J’ai écris hier la plus déchirante des lettres. C’était la porte de sortie, la falaise qu’il fallait franchir pour échapper aux monstres qui dévorent mon cerveau. Saloperie de rongeurs vous voilà
bien dupé, demain vous n’aurez plus rien à grignoter !
Le précipice était long je ne suis pas tombé dedans mais la réception au bout du tunnel n’était pas évidente. Ca valait le coup ? Ca reste à voir…
Depuis j’ai l’impression d’être un fantôme dans un manoir, une très grande maison presque sinistre comme on en voit parfois dans les parcs d’attractions. J’avance dans toutes
les pièces, je vois des multitudes de personnes différentes, ils rient, ils pleurent, se racontent des histoires qui ne sont pas drôles ou qui ne sont pas tristes ou qui ne sont pas du tout
peut être et ils font tout cela en couleur, dans la joie, le chagrin et la bonne humeur !

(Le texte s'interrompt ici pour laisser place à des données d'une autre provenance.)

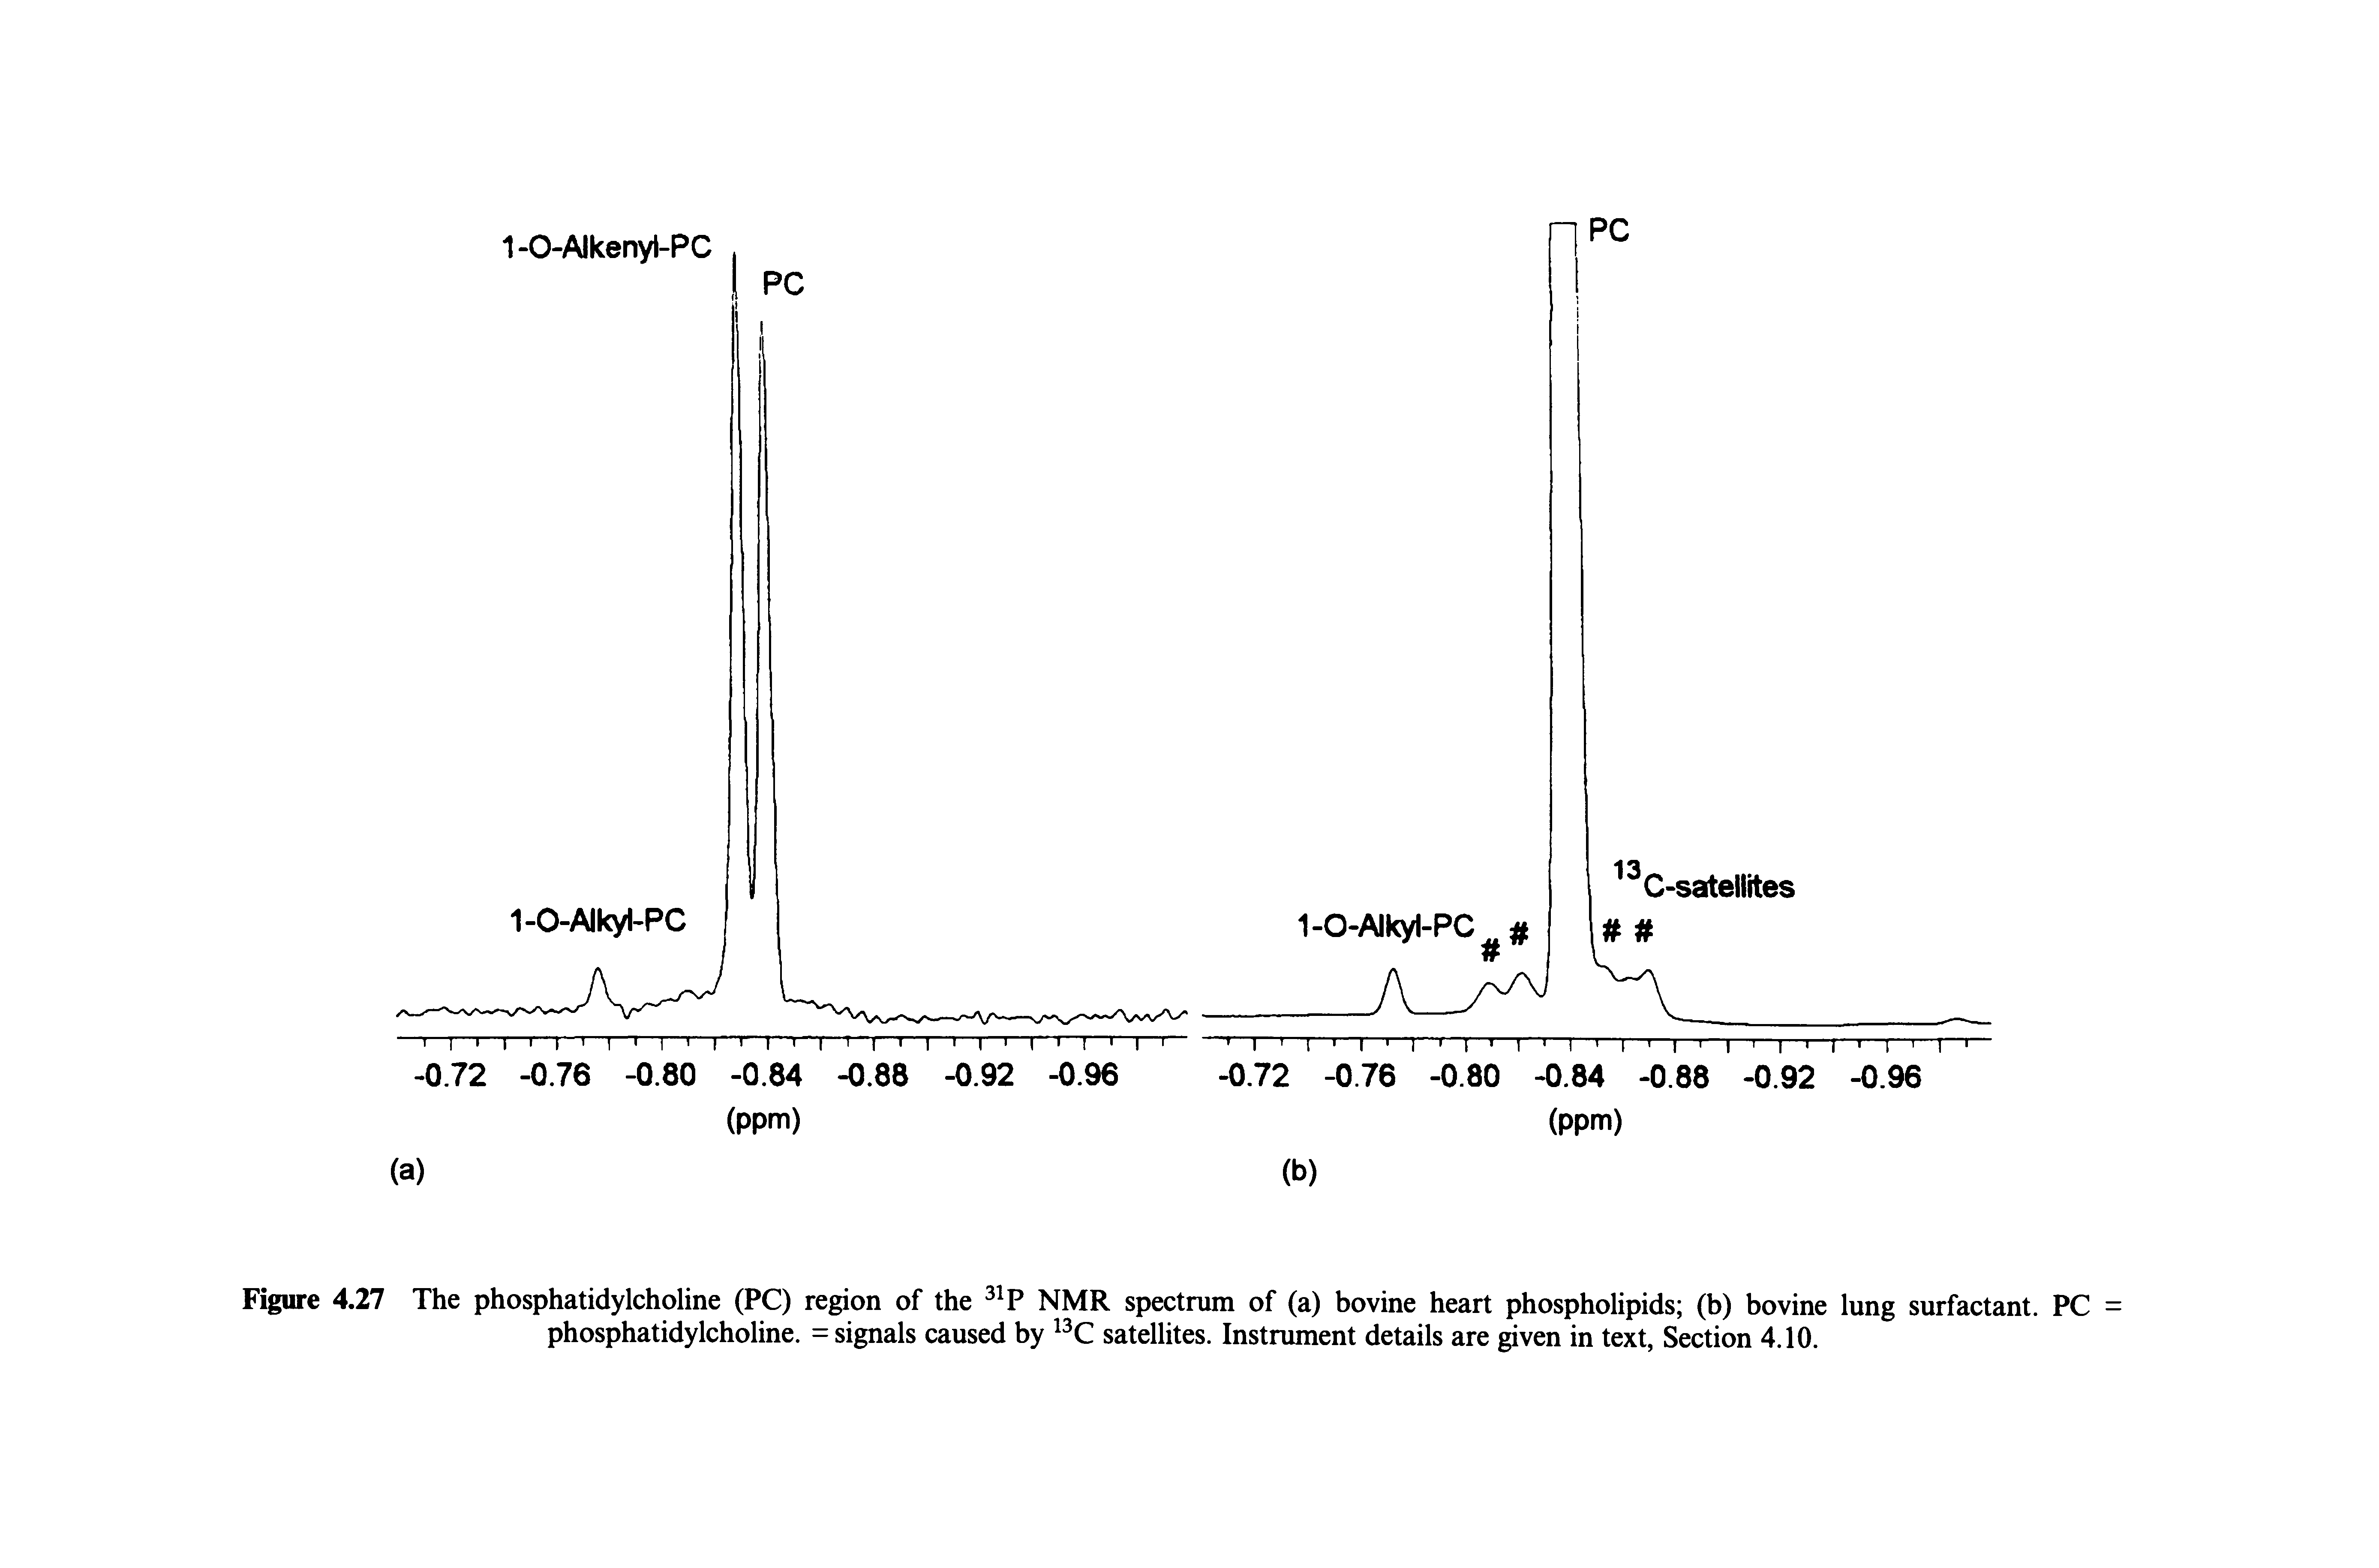 Figure 4.27 The phosphatidylcholine (PC) region of the NMR spectrum of (a) bovine heart phospholipids (b) bovine lung surfactant. PC phosphatidylcholine. = signals caused by C satellites. Instrument details are given in text, Section 4.10.

Moi je ne les entends pas par ce que depuis « mon saut en avant », je suis un spectre alors je vois le monde en gris, c’est bien normal. Leurs paroles me
semblent si lointaines, elles résonnent dans ma tête comme une cloche dans une église sombre et froide. Impossible de les déchiffrer c’est un code secret qu’il m’est impossible de percer et
pourtant je suis vaillant.
Mon nouveau statut m’empêche de réfléchir, j’ai le cerveau embrouillé, alors j’avance dans ce fameux manoir à l’aveuglette avec de la compote en guise de raisonnement,
forcément je me cogne dans les murs, je me prend des portes dans la figure. Il y a comme un genre de fête ou quelque chose de ce style, en tout cas j’ai l’impression que l’ensemble des
personnes autour de moi sont sous dans un état d’ivresse avancé même si je n’arrive pas à percevoir clairement leurs visages. Je n’ai pas très bien compris le but ou la raison de cette soirée
mais peut être que finalement c’est le matin et j’ai un mal fou à reconnaître la musique aussi. Décidément je ne sers à rien. Sur le sol mes orteils gelés rencontrent toute sorte de détritus, du
verre brisée, des souvenirs envolés, des bons moments terminés. Je me coupe, je saigne c’est tranchant ce genre de choses ! Qui peut bien laisser traîner ça ici ? Et puis je tombe dans
l’escalier par ce que j’ai glissé ou marché sur la peau d’un animal, rien de dramatique mais tout de même.
J’entend des gens qui crient qui veulent m’aider ou qui sont révoltés par mon comportement mais ils ne parlent pas la même langue que moi alors je me relève en les bousculant
violemment ; je reconnais que ce n’est pas très sympa mais mon cerveau est comme prisonnier d’une gigantesque toile d’araignée, impossible de s’en dépêtrer ; j’ai beau me battre, j’ai
beau couper c’est une véritable hydre qui est coincé entre mes deux oreilles ! Pourtant je sais que je n’ai pas pris de drogue particulière, c’est juste ce maudit bond par-dessus le
précipice qui me fout dans cette mélasse.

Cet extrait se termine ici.